2 min. read

Build a unified data delivery platform

The Big Picture

A leading insurance provider want to build scalable data preparation tool with the highest level of granularity for group of data scientists. To get there, it needed to ingest, process, and load complex, and deeply nested data. It needed to generate data in a readable format for the end users and develop a unified data delivery platform. The solution also needed to be both extendible and maintainable.

This approach involved several key challenges, such as churning deeply nested XML data in compressed format (~61 TB). The solution also needed to ensure flattening of XML fields with the same number of fields in the processed data irrespective of the schema changes in the source files. The company also sought to automate the entire ETL process as a service.

Transformative Solution

To solve the company’s challenges, an approach was taken to collect, process, and consume data.

The collection step involved collecting data from sources. XML data was consumed from HDFS, which was highly nested and complex. Compressed data was read in a scalable fashion (decompression during job runs). From there, the approach wrote custom input formats to handle a variety of input data formats.
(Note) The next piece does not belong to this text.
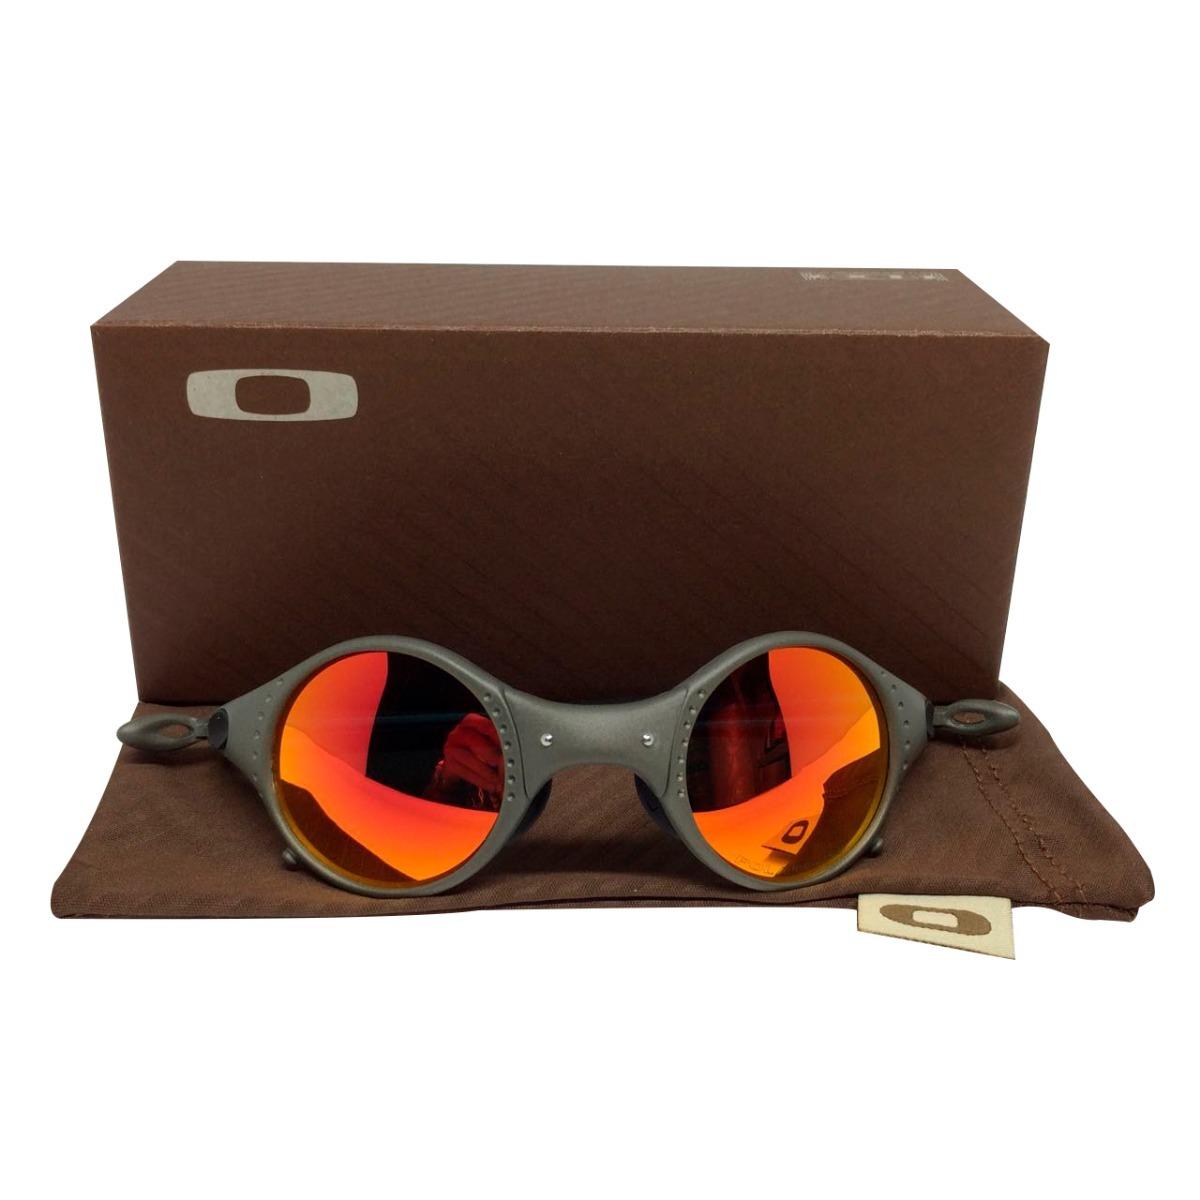 4d2a31a91 Óculos Juliet Mars X-metal Red Vermelho Original Co00-0319 - R$ 149 ...

The process step involved extracting fields and partitioning. The approach was to iterate through the XML and retrieve field values, generate key-value pairs in a semi-flattened structure, partition the data based on the key (varies at XML level), and generate headers required for output rectangularization.

In the consume step, the data preparation tool was implemented. The approach built a simplified user-interface to prepare the data with the highest granularity. The tool was based on Python Flask, and it provided the ability to choose from a list of available partitions.

The Change

As a result of the engagement, the company gained the ability to:
– Process TBs of data (61 TB) and automate the complete process of ETL.
– Handle compressed and deeply nested data at a large scale.
– Present the most granular details to the data science group in order to streamline their process and improve efficiency.